### [Task statement]
Locate, in the data below, the line that contains "Desayuno ligero pero" and the line that contains "CÁLICE 1620 DOURADO INTERNO 4042"; reproduce exactly those two lines and every line between them, nothing more.

### [Records for the exercise]
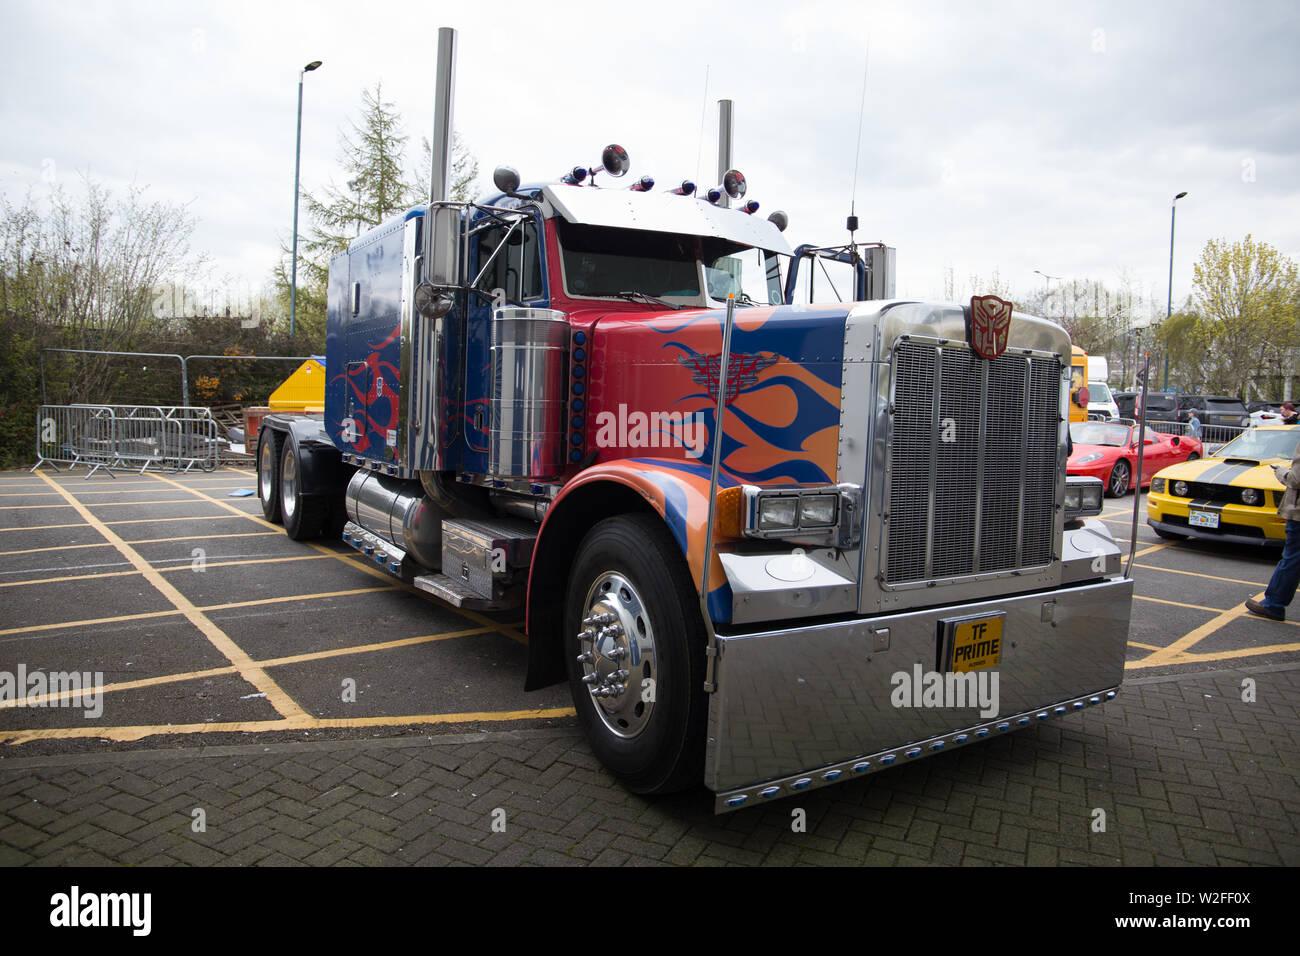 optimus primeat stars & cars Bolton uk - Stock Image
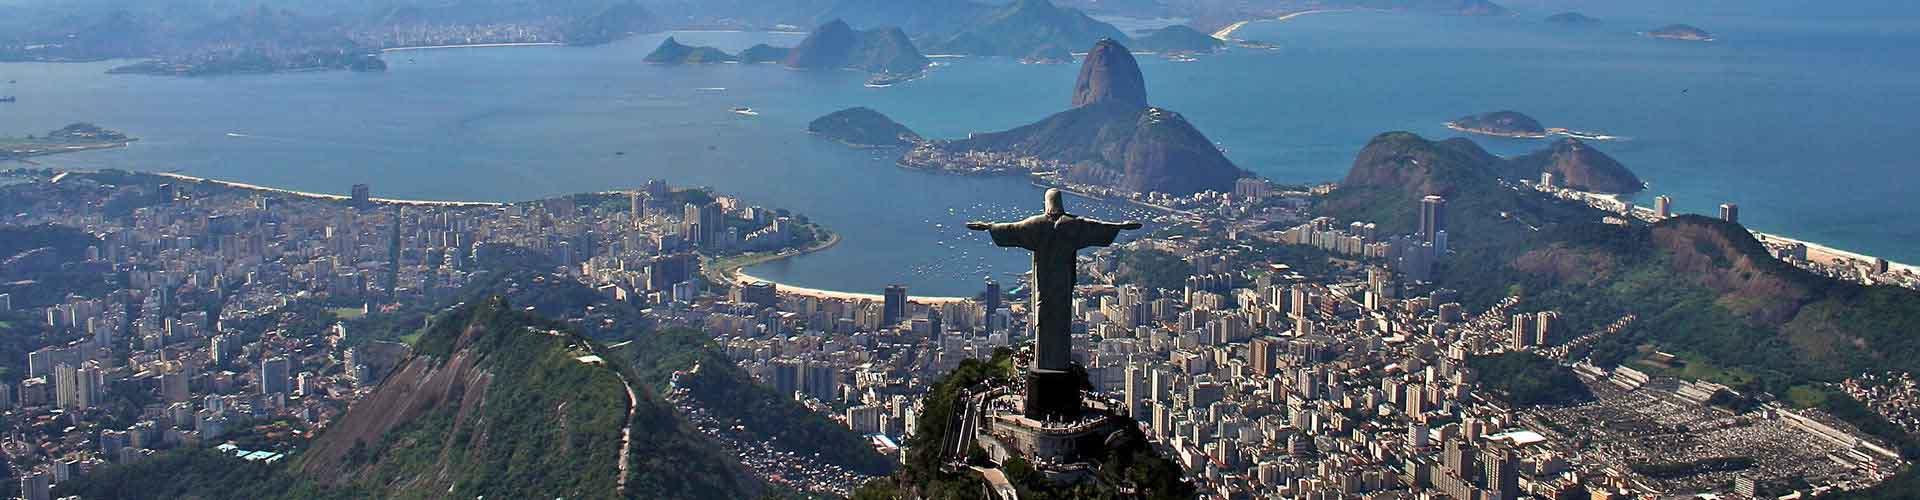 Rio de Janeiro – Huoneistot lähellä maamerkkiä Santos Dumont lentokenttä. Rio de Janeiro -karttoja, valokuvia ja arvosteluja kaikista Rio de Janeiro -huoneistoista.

---

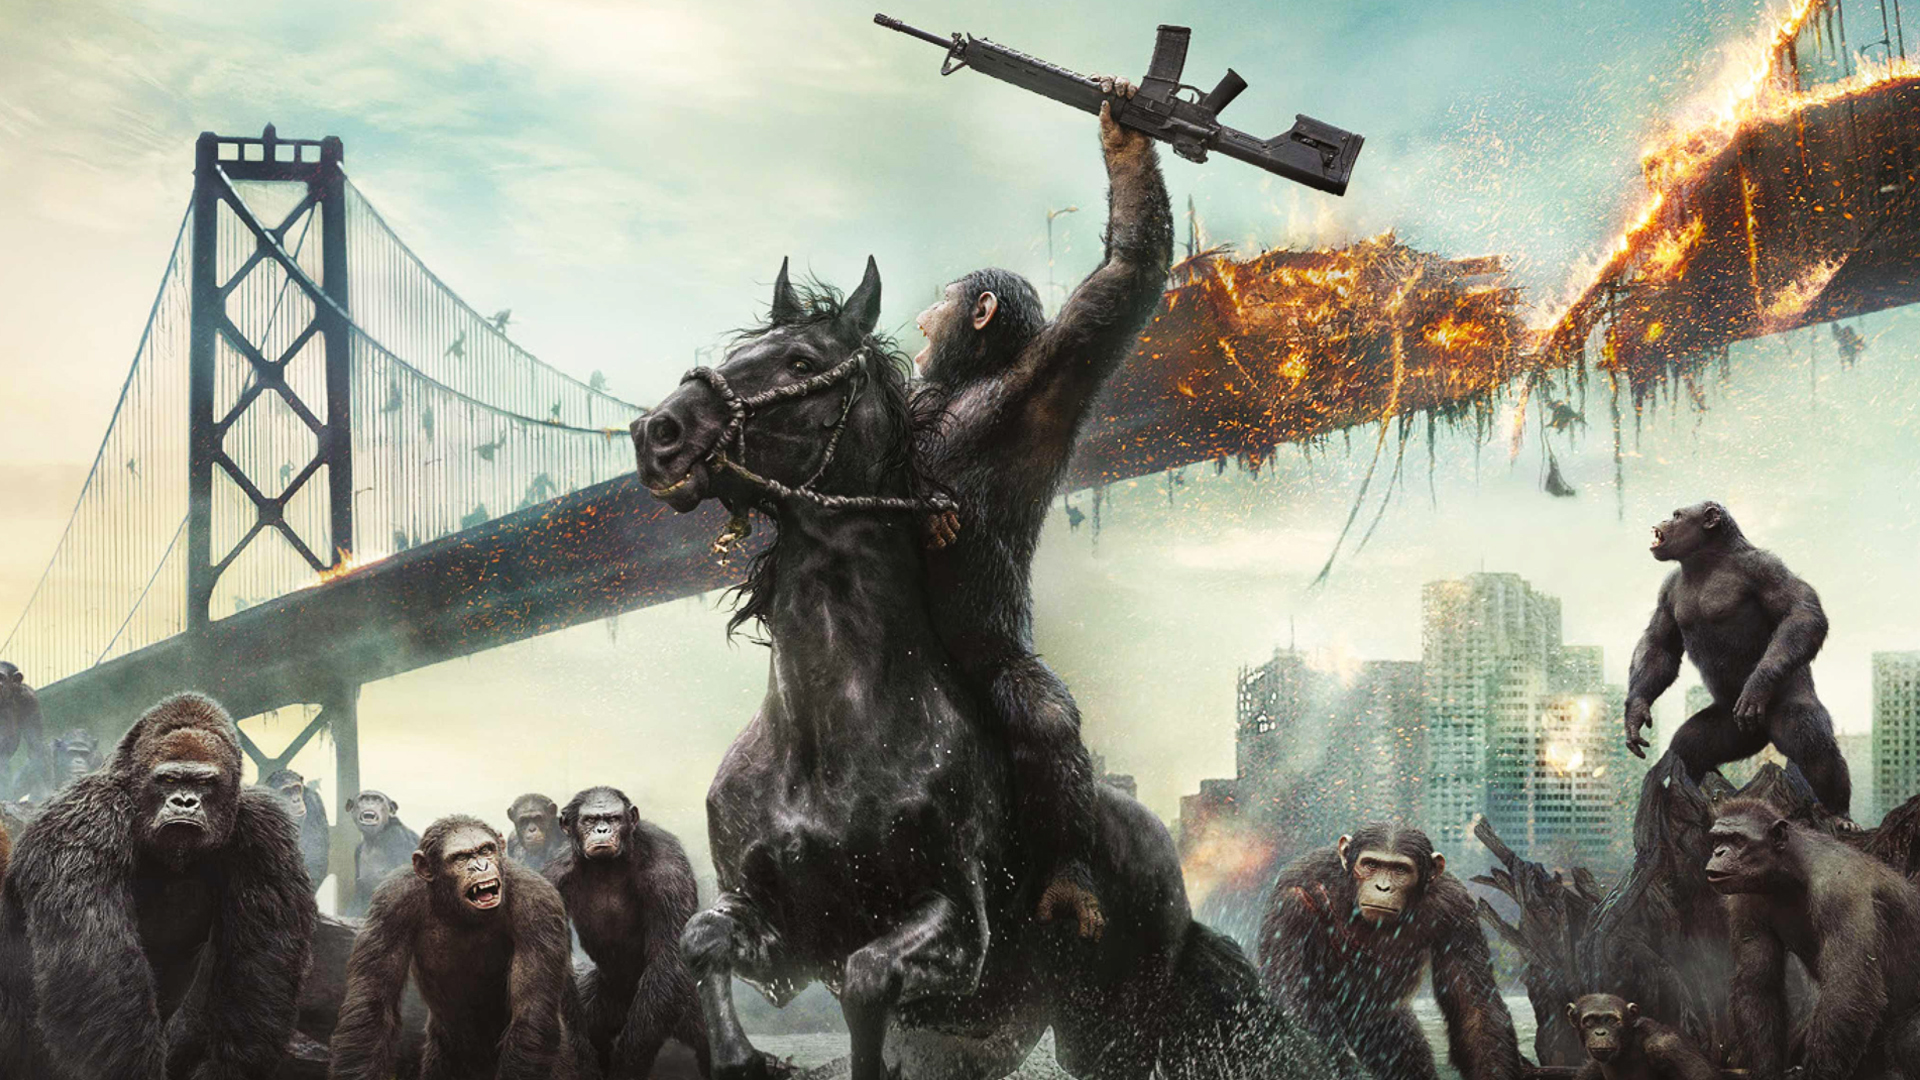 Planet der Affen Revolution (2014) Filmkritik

...

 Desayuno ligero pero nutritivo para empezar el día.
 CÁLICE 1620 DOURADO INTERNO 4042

### [Finished exercise]
 Desayuno ligero pero nutritivo para empezar el día.
 CÁLICE 1620 DOURADO INTERNO 4042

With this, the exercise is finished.